Be careful using anonymous delegates across threads

[UPDATE]: It has been pointed out to me that the premise of this article is wrong. The compiler specifically avoids this problem by hoisting the captured variables into an inner class of which the generated method is also an instance member, and creating a new instance of this class for each call. I'm not sure what bug I ran into that causes the behaviour I denounced, or whether it was simply sloppy handling of reference types on my part -- but I feel particularly stupid having vaguely remembered "inner classes" from reading Raymond Chen's fine explanation of this over a year ago, yet not having checked it before posting this article. Nonetheless, I shall let the article remain as a reminder of the code that this wonderful feature saves you from having to write. Also, the queue/lock-based code may still be useful when one needs data passed to the GTK thread in a guaranteed order.
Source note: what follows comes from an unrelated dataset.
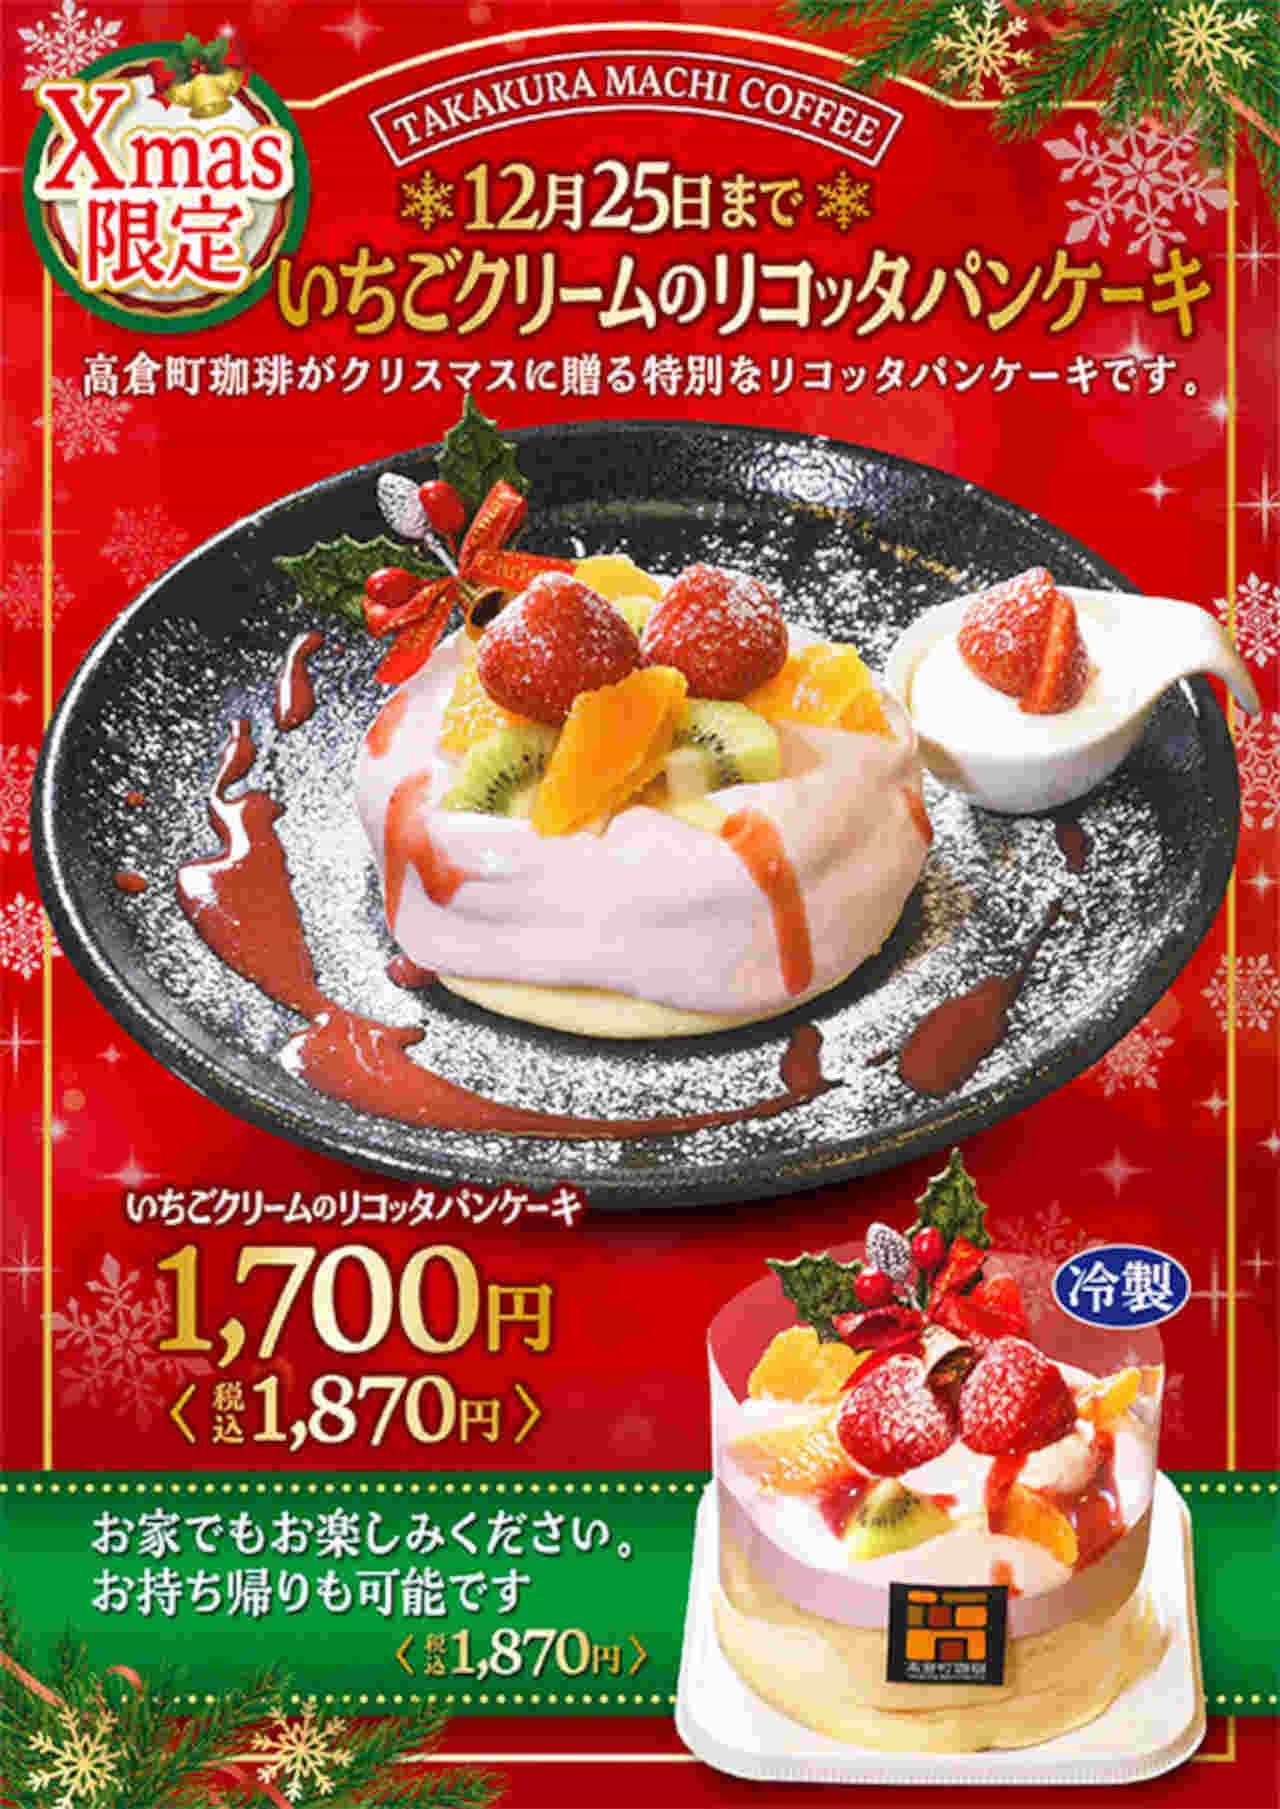 Takakuracho Coffee "Strawberry Cream Ricotta Pancakes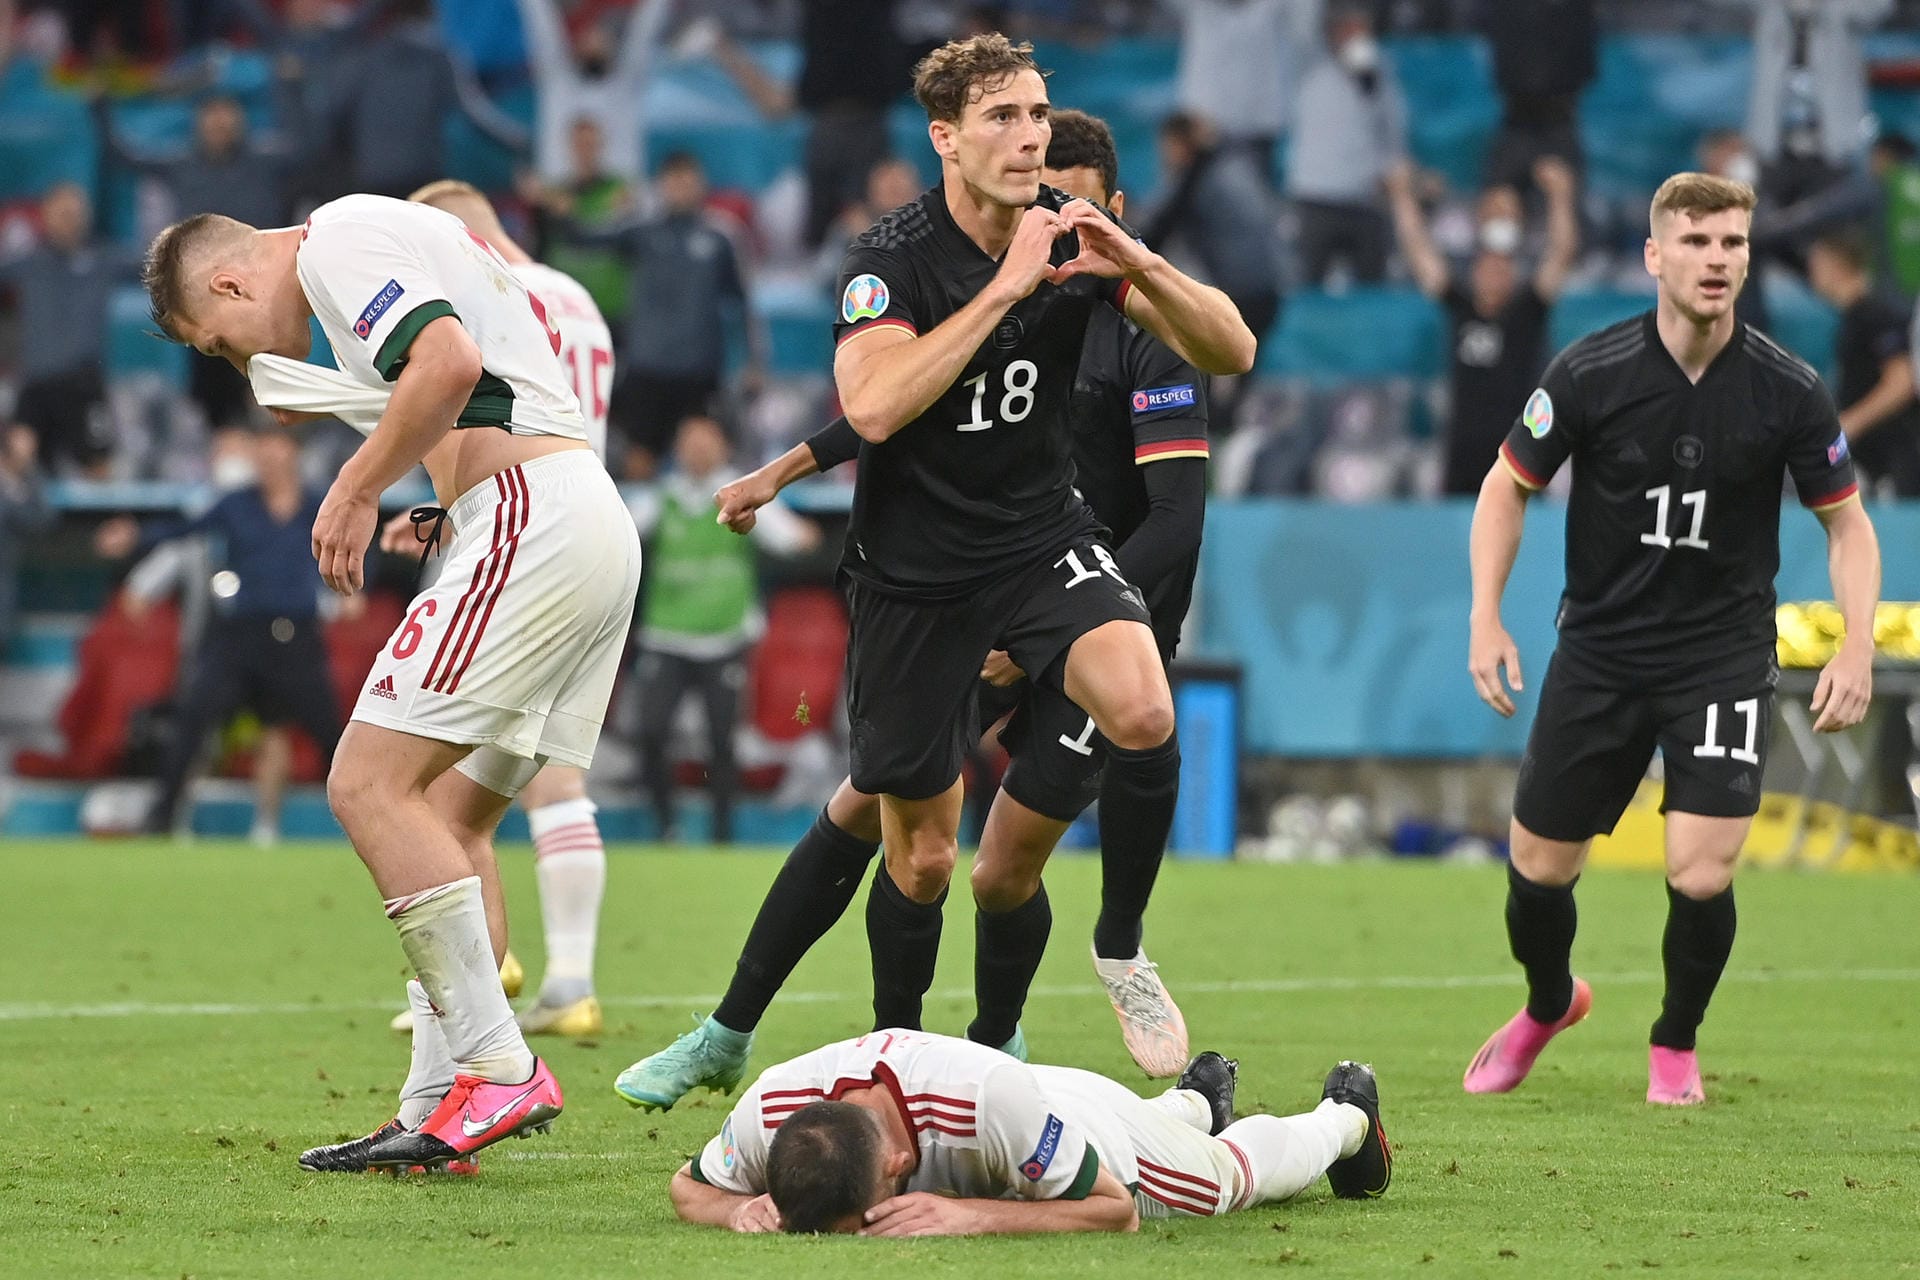 Ebenso wie der Torjubel von DFB-Spieler Leon Goretzka. Nach seinem Treffer zum 2:2 gegen Ungarn formte er ein Herz und zeigte dieses dem ungarischen Fanblock. Später schrieb er auf Instagram dazu: "Verteilt Liebe. Ja!!!!!".

Anonymous delegates are incredibly useful, especially in that they can "capture" variables from a parent scope. Used within a single thread, they are very easy to understand. However, if you're using them to pass data across threads, you need to understand how the variable capture works.
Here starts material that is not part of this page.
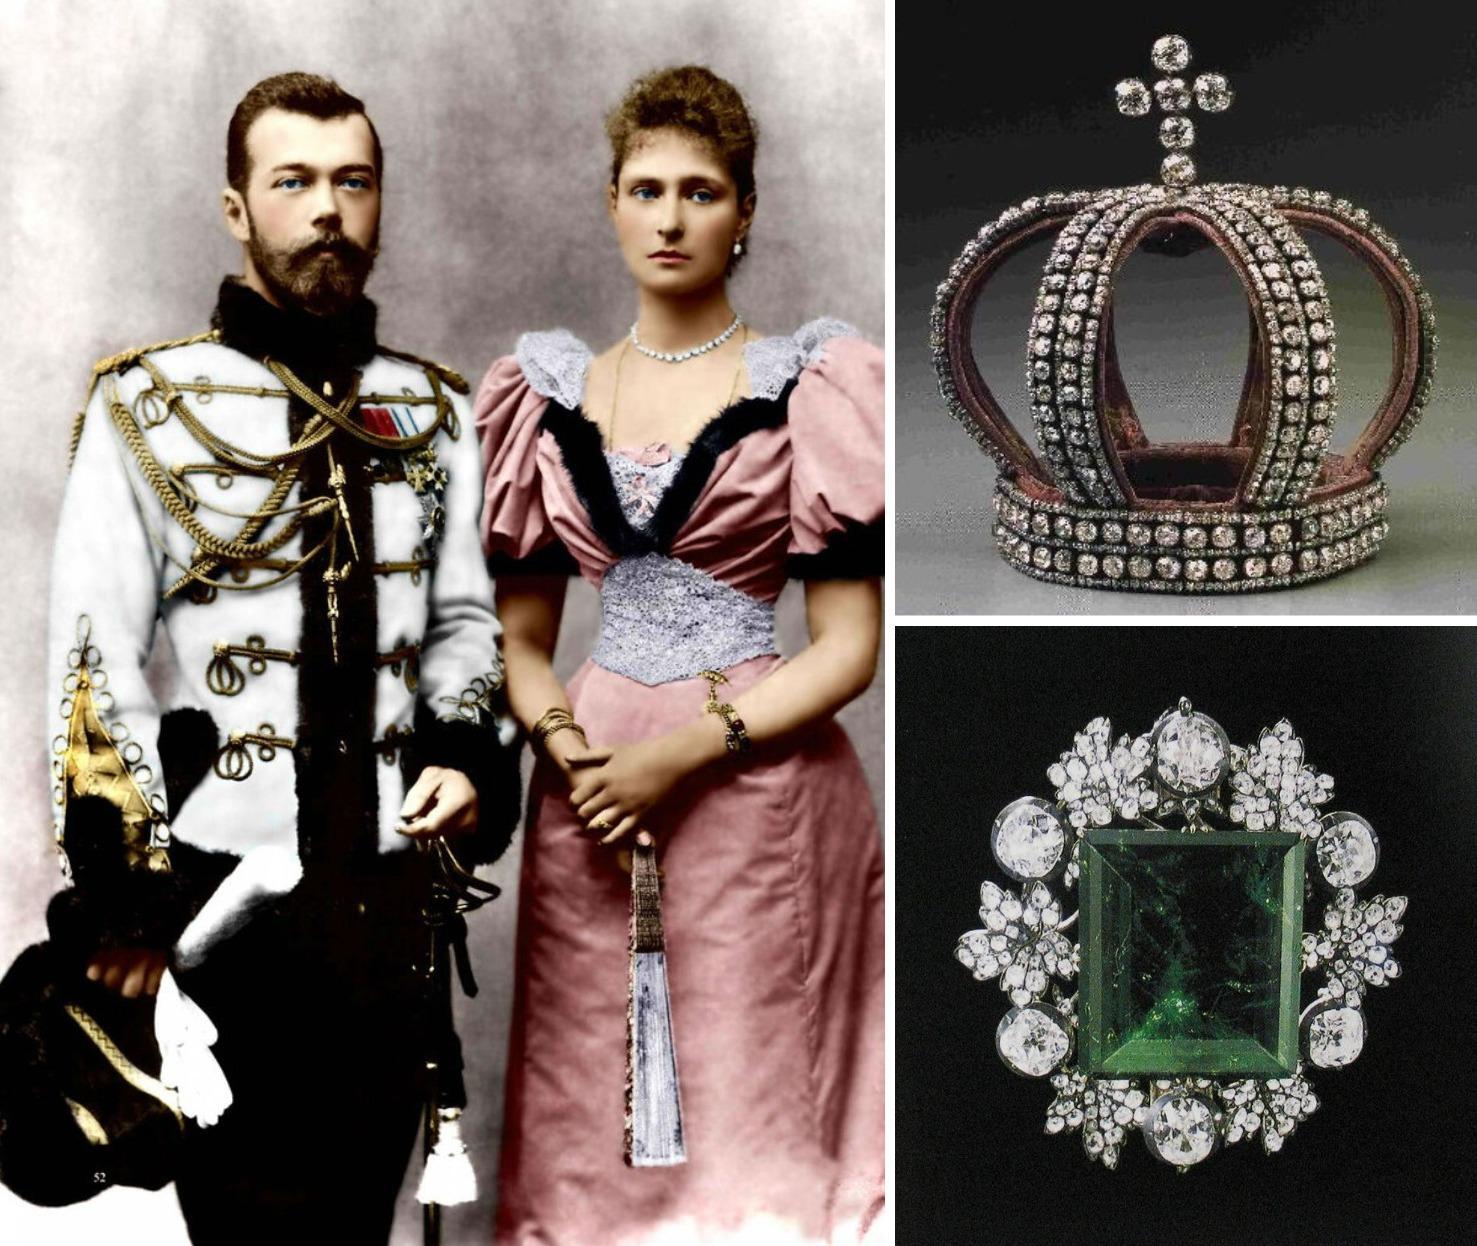 Пропавшие сокровища российской короны: куда делись уникальные драгоценности императорской семьи

Consider the following code snippet, in which the "data" variable is captured from the delegate's parent scope.

void ProcessIncomingData (string data)
{
	Gtk.Application.Invoke (delegate (object sender, EventArgs e) {
			textBuffer.AddText (data);
		});
}

What's wrong with this?

Let's expand the anonymous method into something resembling the compiler-generated code.

void ProcessIncomingData (string data)
{
	compilerHoistedVariable = name;
	Gtk.Application.Invoke (new EventHandler (compilerGeneratedMethod));
}
 
string compilerHoistedVariable = null;
 
void compilerGeneratedMethod (object sender, EventArgs e)
{
	textBuffer.AddText (compilerHoistedVariable);
}

Notice that the variable has been "hoisted" into the class scope, so that the generated method used for the anonymous delegate can access it. (The actual compiler-generated code is a bit different, encapsulating the hoisted variables in an inner class, but the principle is the same).
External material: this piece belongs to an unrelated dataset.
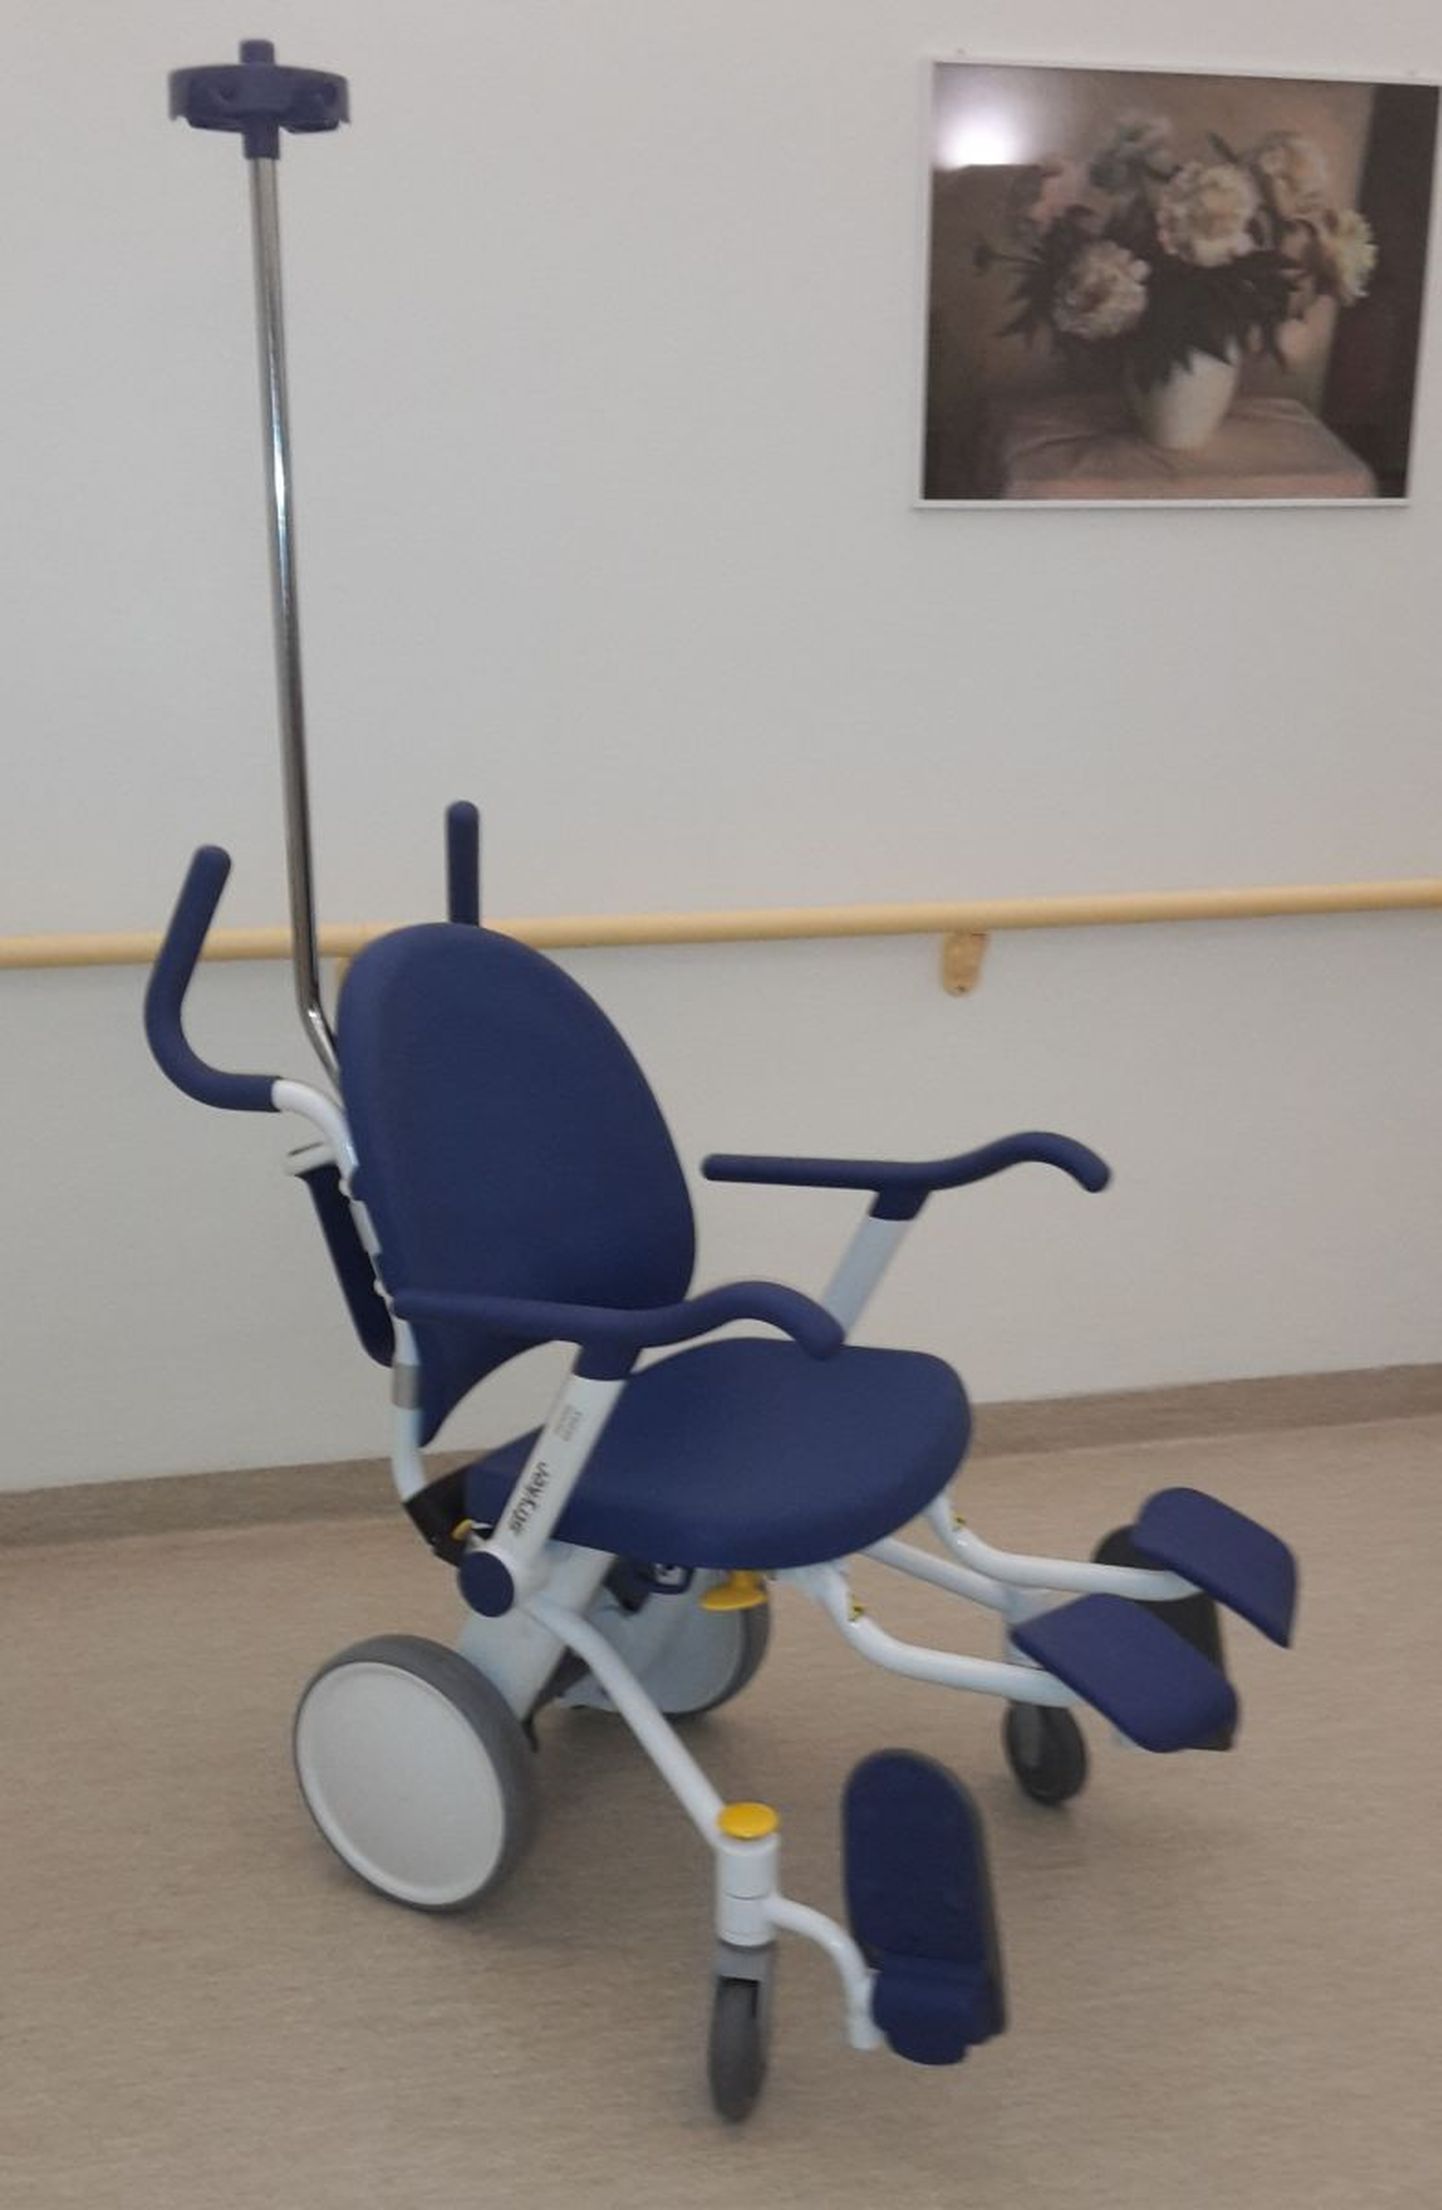 Uued toolid meeldivad nii patsientidele kui ka haigla töötajatele.

Now consider what happens if ProcessIncomingData gets called by the data-processing thread several times before the GTK+ loop gets run and can handle the invocations. Only the most recent value remains in the compiler-hoisted variable, and the earlier data strings are lost.

This isn't a problem if you're passing transient state, for example the visibility state of a button. But if you're passing data, think carefully about the internal mechanics. You may have to implement locking on the shared data structure.

void ProcessIncomingData (string data)
{
	lock (textBufferQueue) {
		textBufferQueue.Enqueue (data);
		if (!queueHandlerRunning) {
			queueHandlerRunning = true;
			Gtk.Application.Invoke (
				delegate (object sender, EventArgs e) {
					lock (textBufferQueue) {
						while (textBufferQueue.Count > 0) {
							textBuffer.AddText (textBufferQueue.Dequeue ());
						}
						queueHandlerRunning = false;
					}
				});
		}
	}
}
bool queueHandlerRunning = false;
Queue<string> textBufferQueue = new Queue<string> ();

This could hardly be described as "pretty", and the anonymous delegate has grown so big that we may as well move its definition out into a conventional method.

Things are easier if the delegate consumer offers an alternate call allowing you to pass arguments along with the delegate, such as Gtk.Application.Invoke and its Invoke (object sender, System.EventArgs args, System.EventHandler d) overload.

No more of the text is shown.